The ABTS assay was carried out according to early reports (Oldoni et al. 2016). The 7 mmol/L ABTS and 140 mmol/L potassium persulfate were reacted for forming ABTS•+ radical at 25 ℃ in darkness for 12 h. To get absorbance value of 0.70 at 734 nm, the prepared ABTS•+ radical solution was diluted with ethanol. Thirty microliters of diluted extracts were mixed with 3.0 mL of the diluted ABTS•+ radical solution and kept at 30 ℃ in darkness for 6 min. At the end, absorbance of mixture was measured at 734 nm. Pure ethanol was as a blank. The radical scavenging capacity of the diluted extracts on ABTS•+ can be calculated with the following equation:
$$\mathrm{Scavenging\, rate}=\frac{({A}_{0}-\mathrm{A})}{{A}_{0}}\times 100 (\%)$$
(3)
where A0 was the absorbance of blank; A was the absorbance of diluted extracts. Trolox was used as a standard control, and the calibration curve has a good linear relationship between scavenging rate and concentration of Trolox solutions at the range: 100–2000 µmol/L (R2 = 0.9959). According to calibration curve, the final radical scavenging activities was described as TE (µmol T/g DM).
NP-HPLC analysis of procyanidins
Chromatographic analysis was modified according to the early paper (Choy et al. 2013). Normal phase high performance liquid chromatography (NP-HPLC) analysis was carried out by a Shimadzu LC-20AT (Shimadzu, Japan). Separation was carried out on a Develosildiol 100 column (5 μm, 250 × 4.6 mm i.d.) from Nomura Chemical Co, Ltd, (Japan). The mobile phase was the mixture of solvent A (acetonitrile/water = 98/2, v/v) and solvent B (methanol/water/acetic acid = 95/3/2, v/v/v). The gradient elution program was developed as: 0 min (A = 93%, B = 7%) → 3 min (A = 93%, B = 7%) → 53 min (A = 62.4%, B = 37.6%) → 56 min (A = 0%, B = 100%) → 69 min (A = 0%, B = 100%) → 75 min (A = 93%, B = 7%) → 85 min (A = 93%, B = 7%).
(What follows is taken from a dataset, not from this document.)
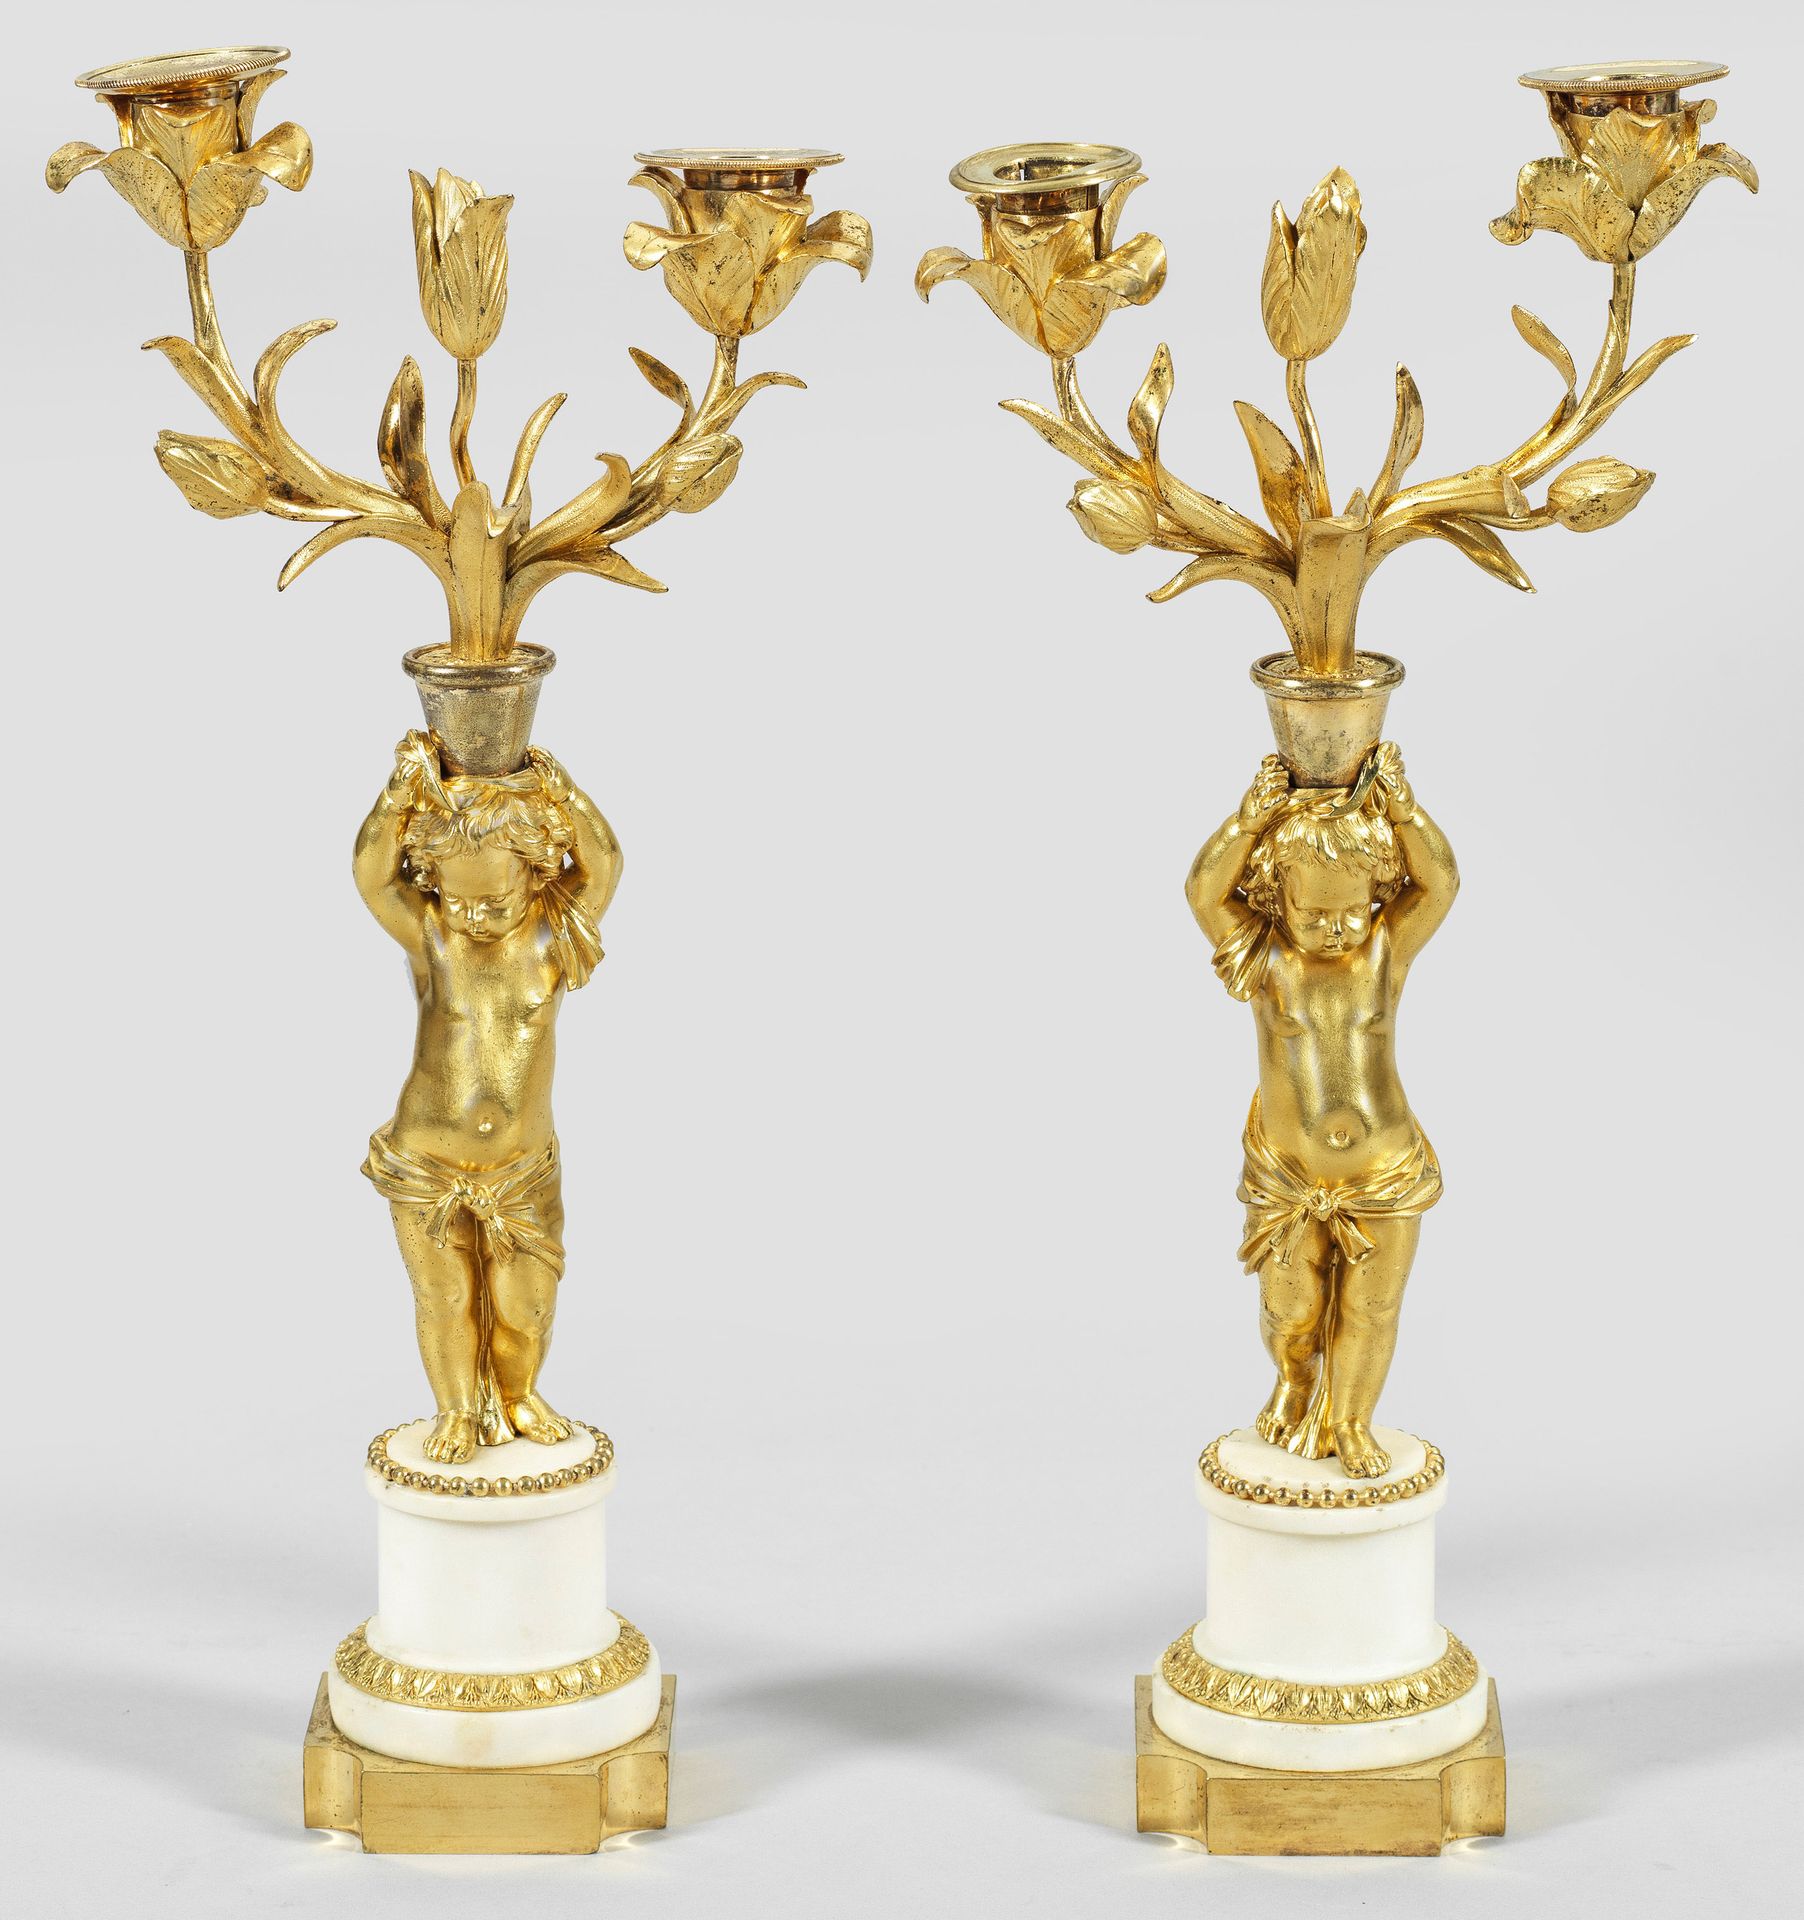 Null 一对路易十六时期的双灯对联。双灯；青铜、鎏金和白色大理石。短柱轴上有精细浮雕的棕榈楣和珍珠饰，柱轴上方是凹角的平基座。上方是一个雕刻完整的普托，作为花&hellip;
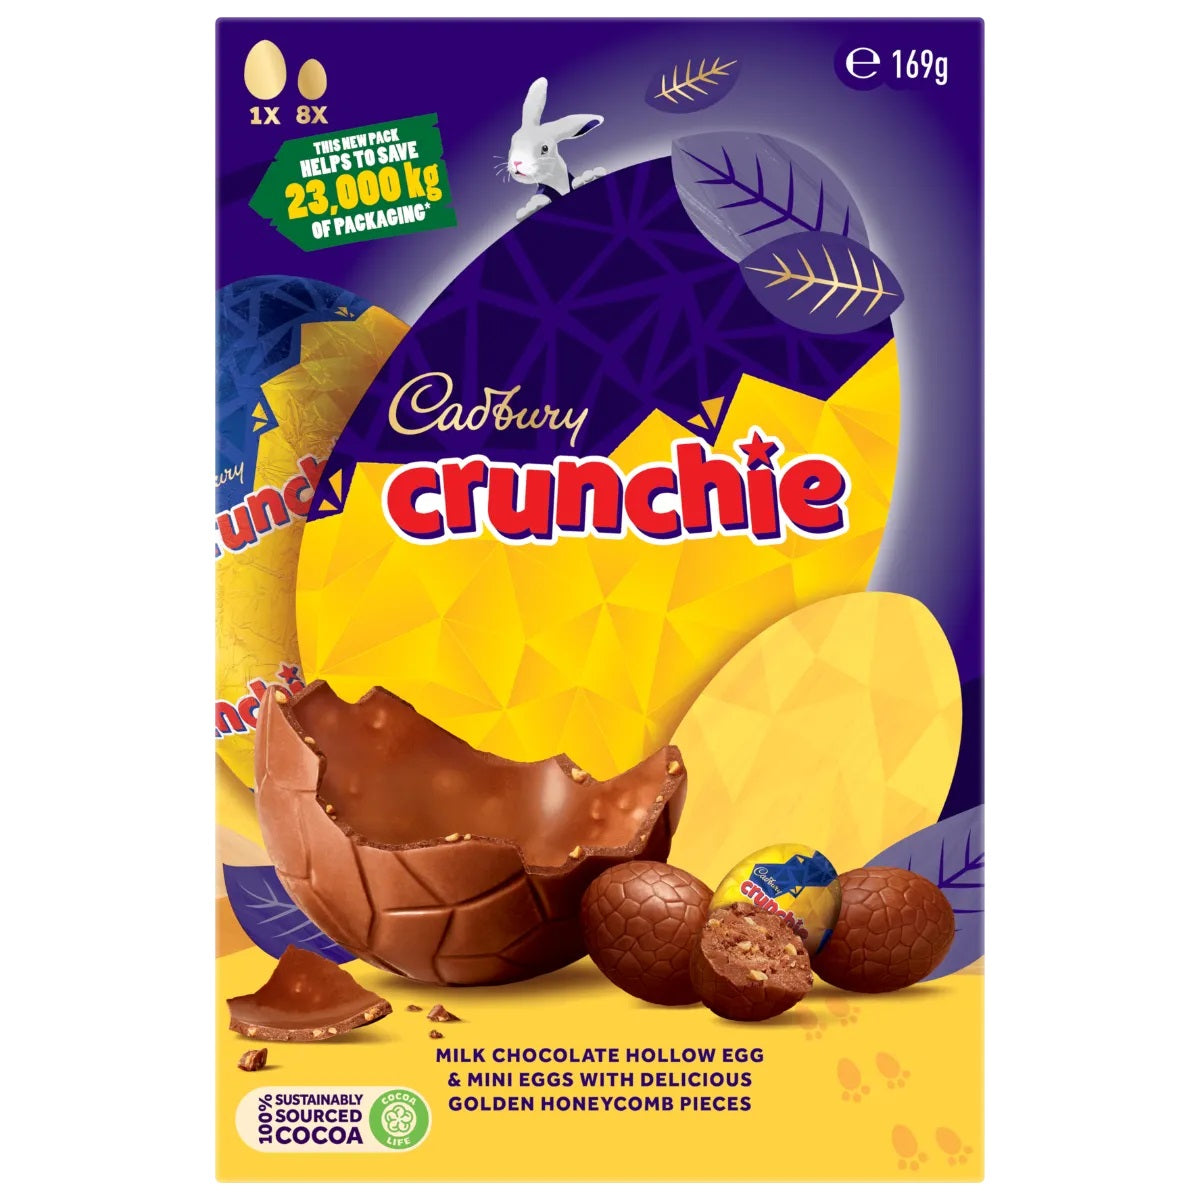 Cadbury Crunchie Gift Box 169G | Bookazine HK

The flow rate was 1.0 mL/min and the injection volume was 20 μL. The detection wavelength and column temperature were set at 280 nm and 30 ℃. The peaks of procyanidins with different DP were assigned by comparing retention time with the standards (Additional file 1: Table S1) (Choy et al. 2013). Standard solutions of CA, EC, ECG, procyanidin B1, procyanidin B2, procyanidin B3, procyanidin C1 and Cinnamtannin A2 were prepared with concentration of 1000 µg/mL. The solutions of the standards were filtered using a polypropylene filter membrane (0.45 µm). One milliliter of 1 mg/mL CA, EC, ECG standards were mixed in screwed glass tubes to get procyanidin standards 1. One milliliter of 1 mg/mL procyanidin B1, procyanidin B2, procyanidin B3 standards were mixed to get procyanidin standards 2. One milliliter of 1 mg/mL CA, EC, ECG, procyanidin B1, procyanidin B2, procyanidin B3, procyanidin C1 and innamtannin A2 standards were mixed to get procyanidin standards 3. Standard solutions were used to quantify chemicals. Peak area growth ratio of procyanidins (RAGR) with different DP can calculated with the following equation:
$$\mathrm{RAGR}=\frac{{A}_{s-n}}{{A}_{u-n}}\left(\mathrm\,{n}=1,\mathrm{ECG}, 2, 3, 4, \ge 5\right)$$
(4)
where As-n was peak area of steam-exploded procyanidins with DP = n; Au–n was peak area of unexploded procyanidins with DP = n.
Statistical analysis
Statistical analysis was carried out with Origin 2017. Means were calculated using one sample t-Test. Significance level was set at P ≤ 0.05.